ABOUT THIS EXERCISE:
When you return the data, keep every word exact and include none of the images.

(DATASET CONTENT Opens)

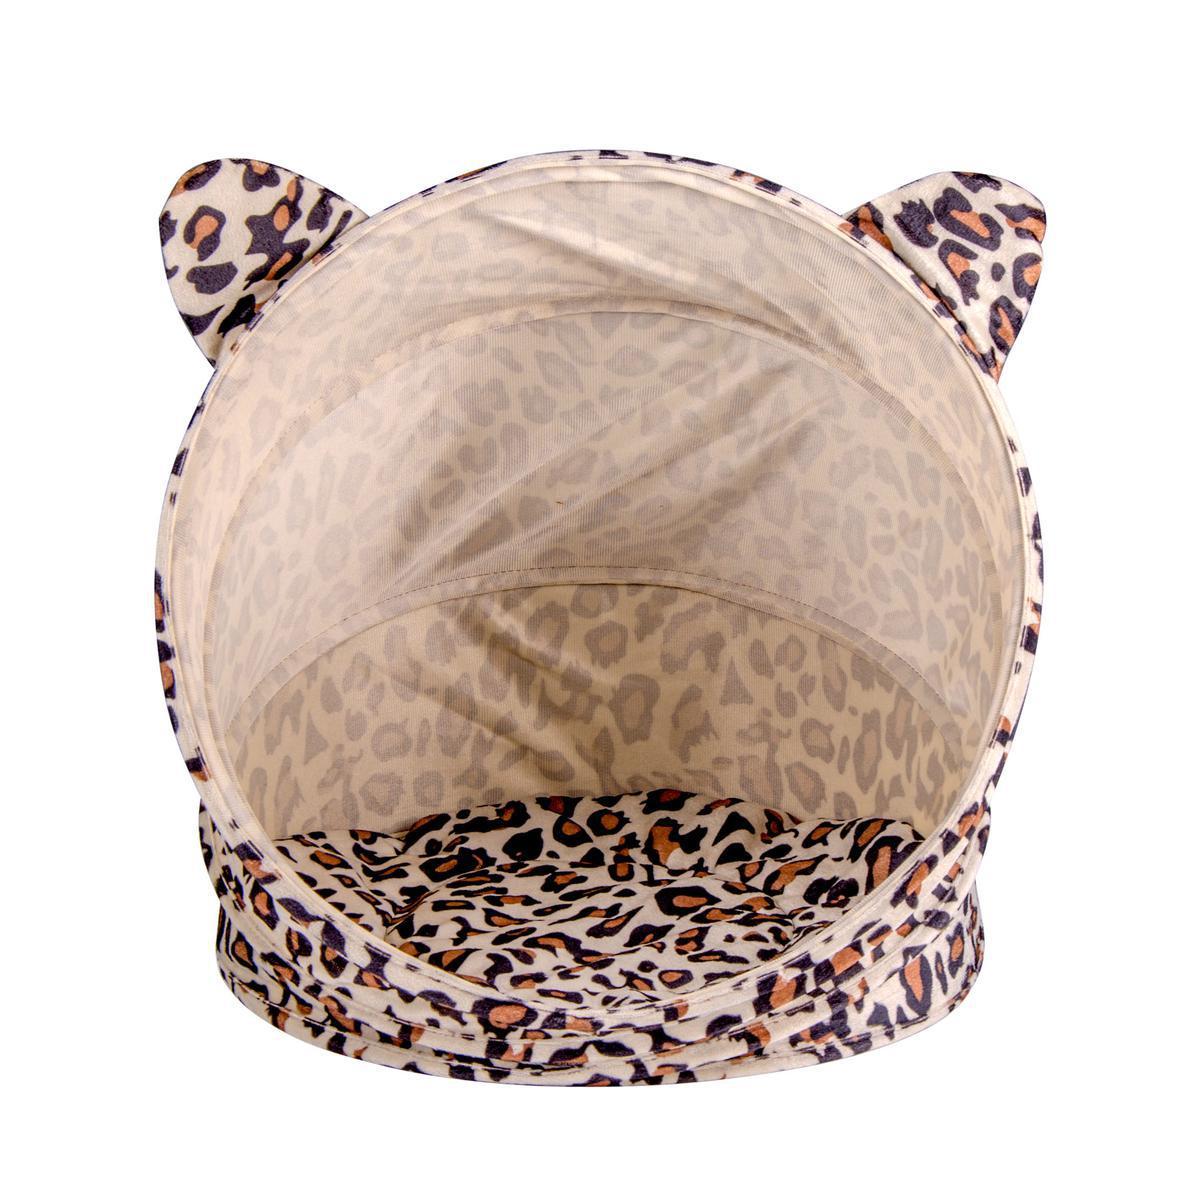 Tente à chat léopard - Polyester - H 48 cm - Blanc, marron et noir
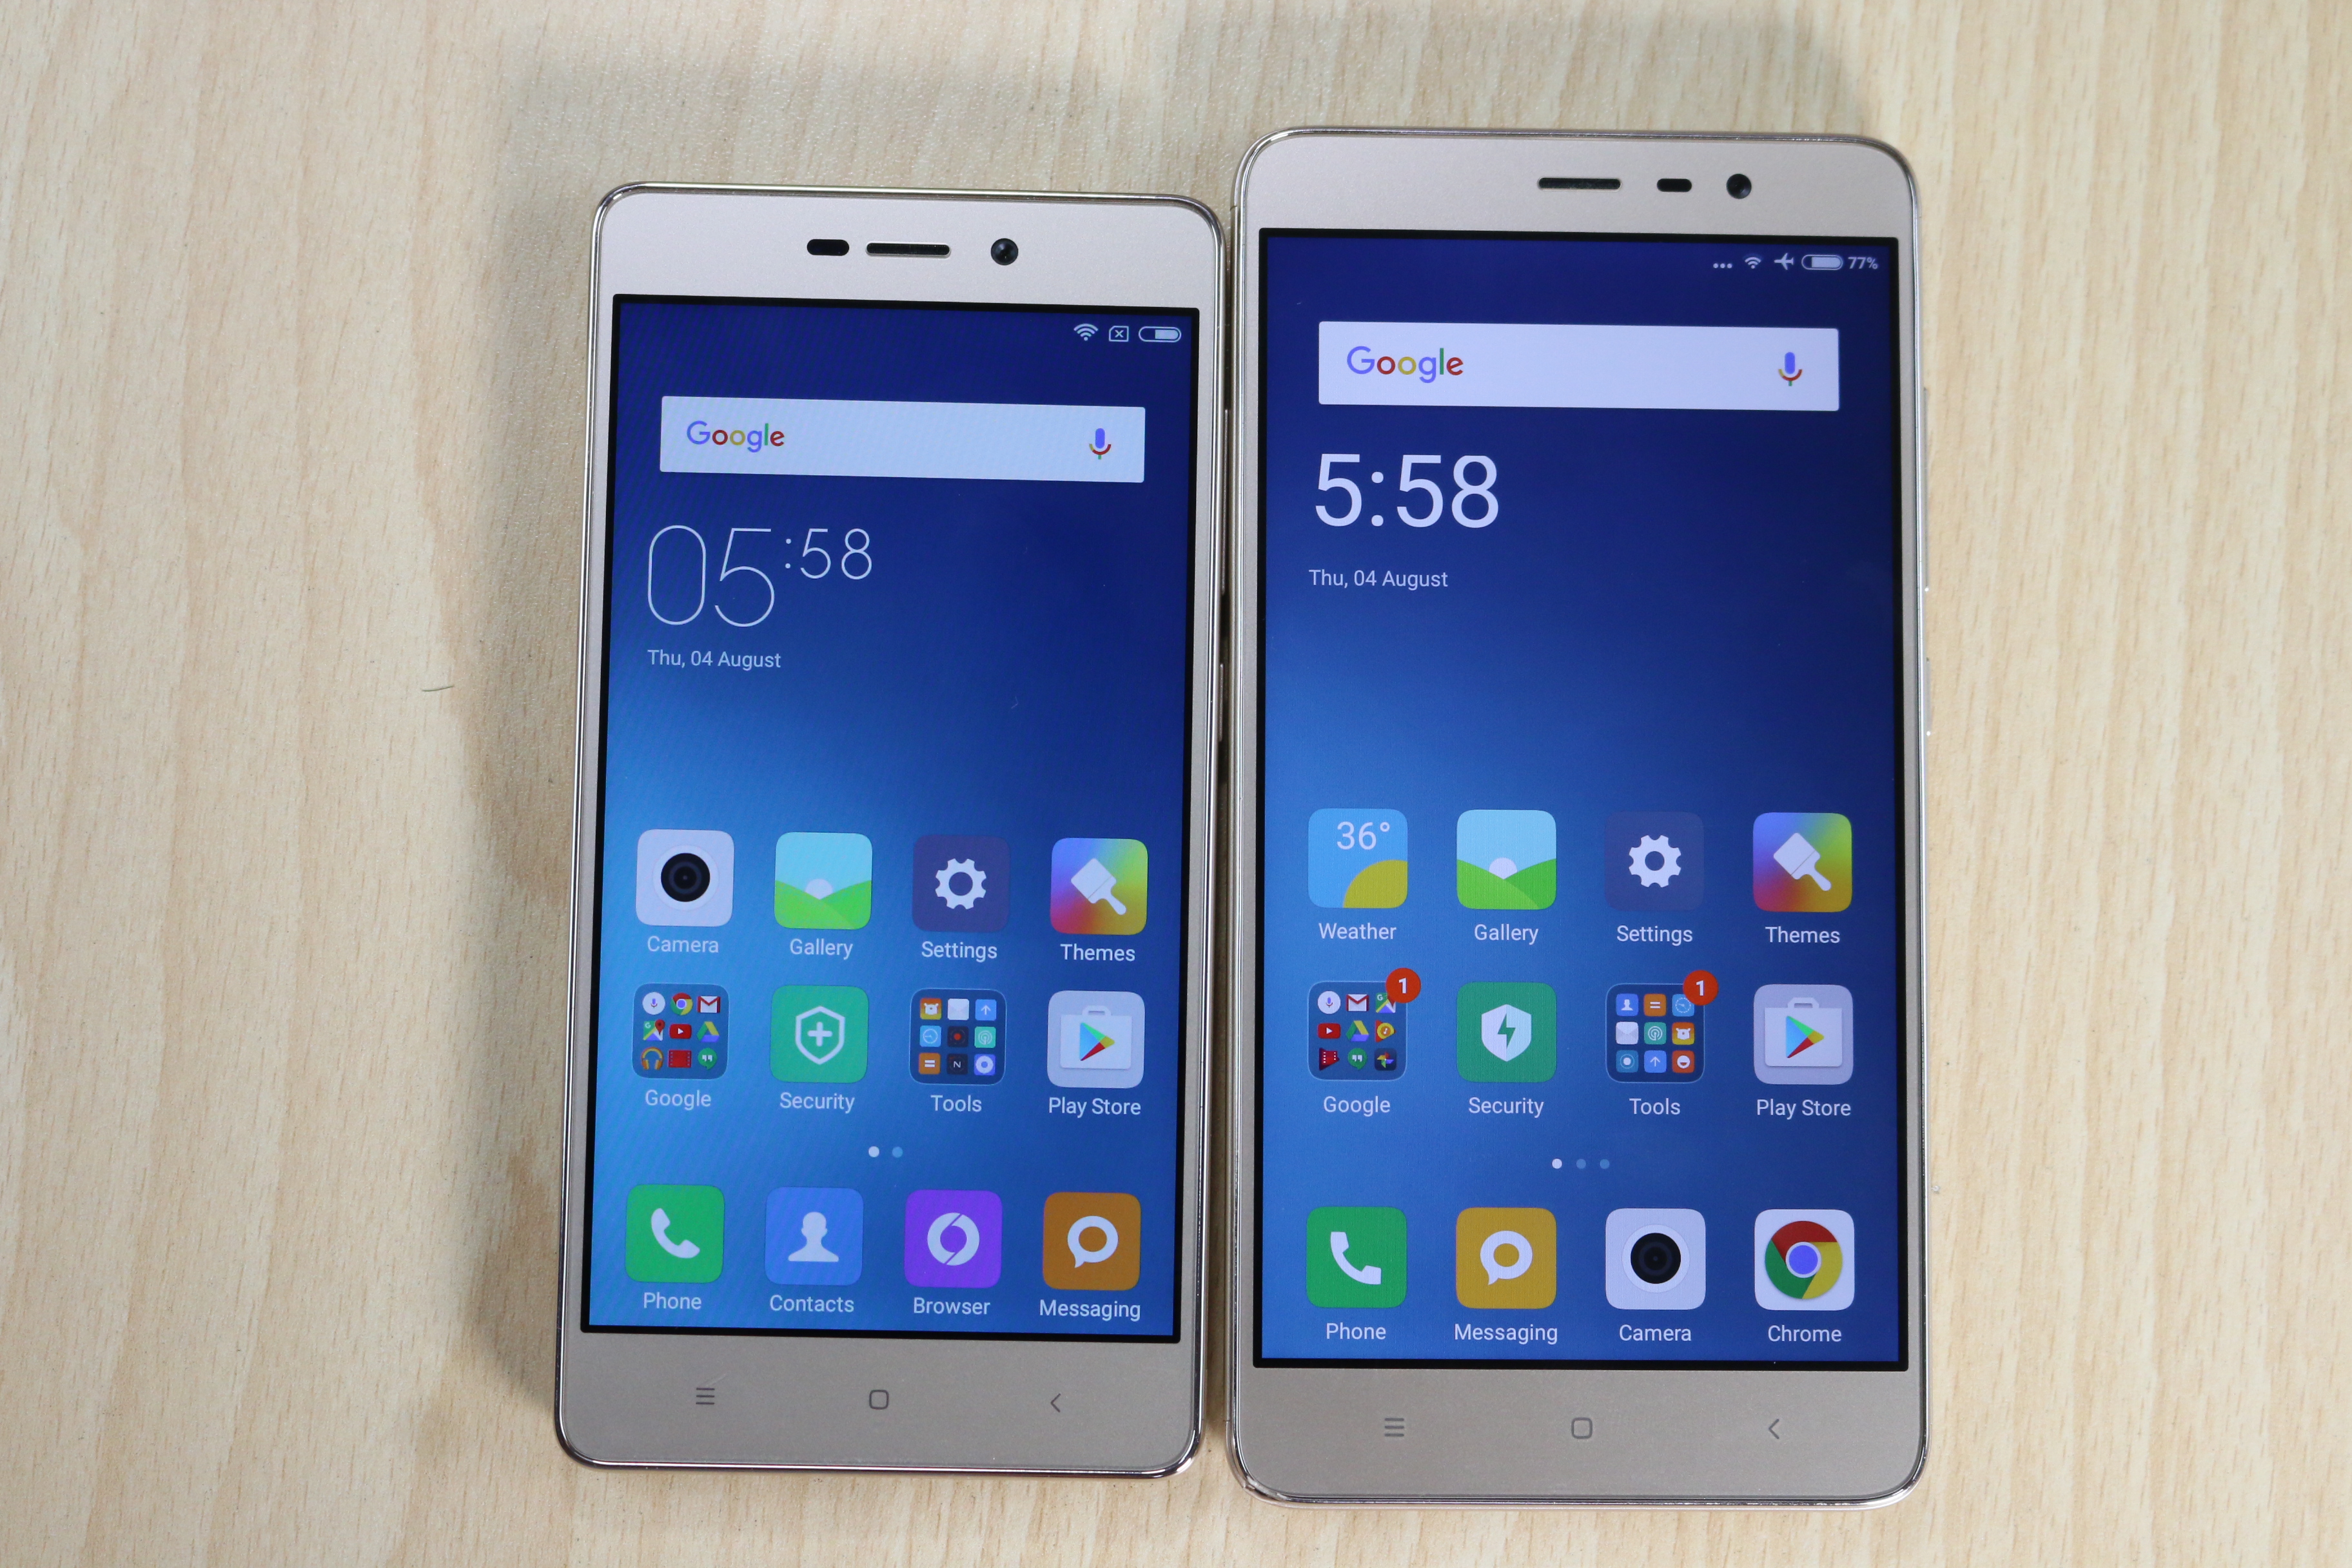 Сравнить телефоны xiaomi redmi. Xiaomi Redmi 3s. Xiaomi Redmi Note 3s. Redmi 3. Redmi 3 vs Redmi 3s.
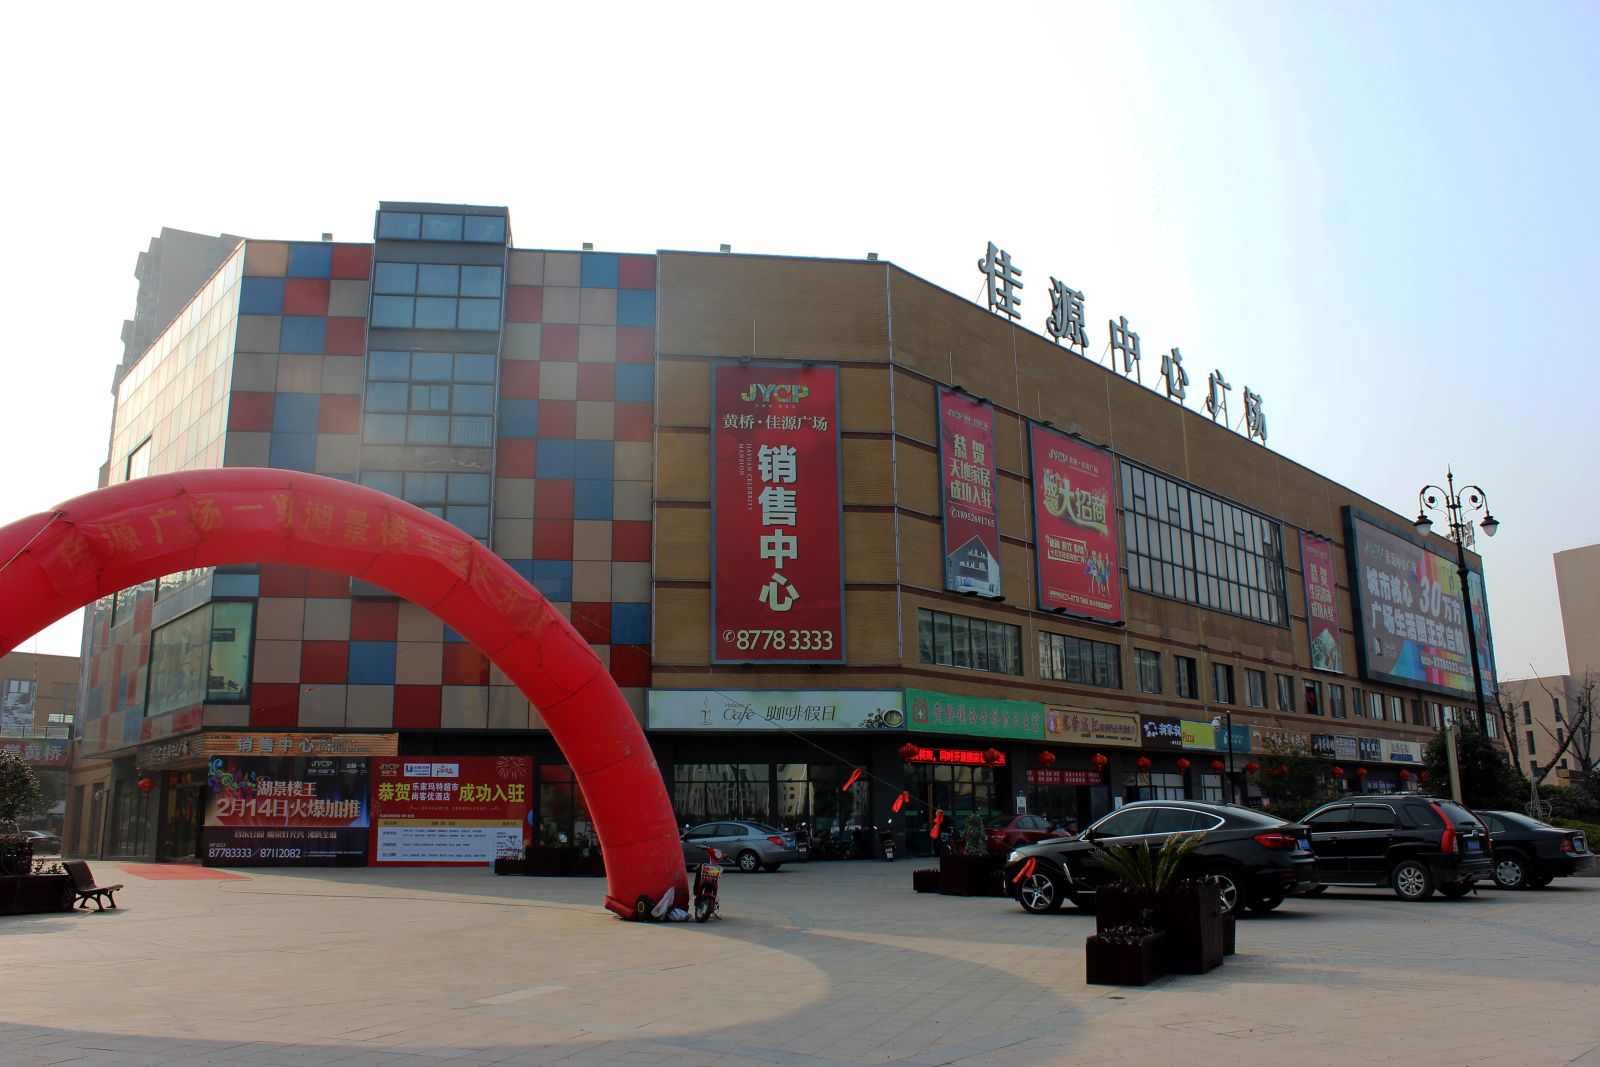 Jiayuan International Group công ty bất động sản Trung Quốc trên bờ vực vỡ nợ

(DATASET CONTENT Closes)

SOLUTION TO THIS TASK:
 Tente à chat léopard - Polyester - H 48 cm - Blanc, marron et noir
 Сравнить телефоны xiaomi redmi. Xiaomi Redmi 3s. Xiaomi Redmi Note 3s. Redmi 3. Redmi 3 vs Redmi 3s.
 Jiayuan International Group công ty bất động sản Trung Quốc trên bờ vực vỡ nợ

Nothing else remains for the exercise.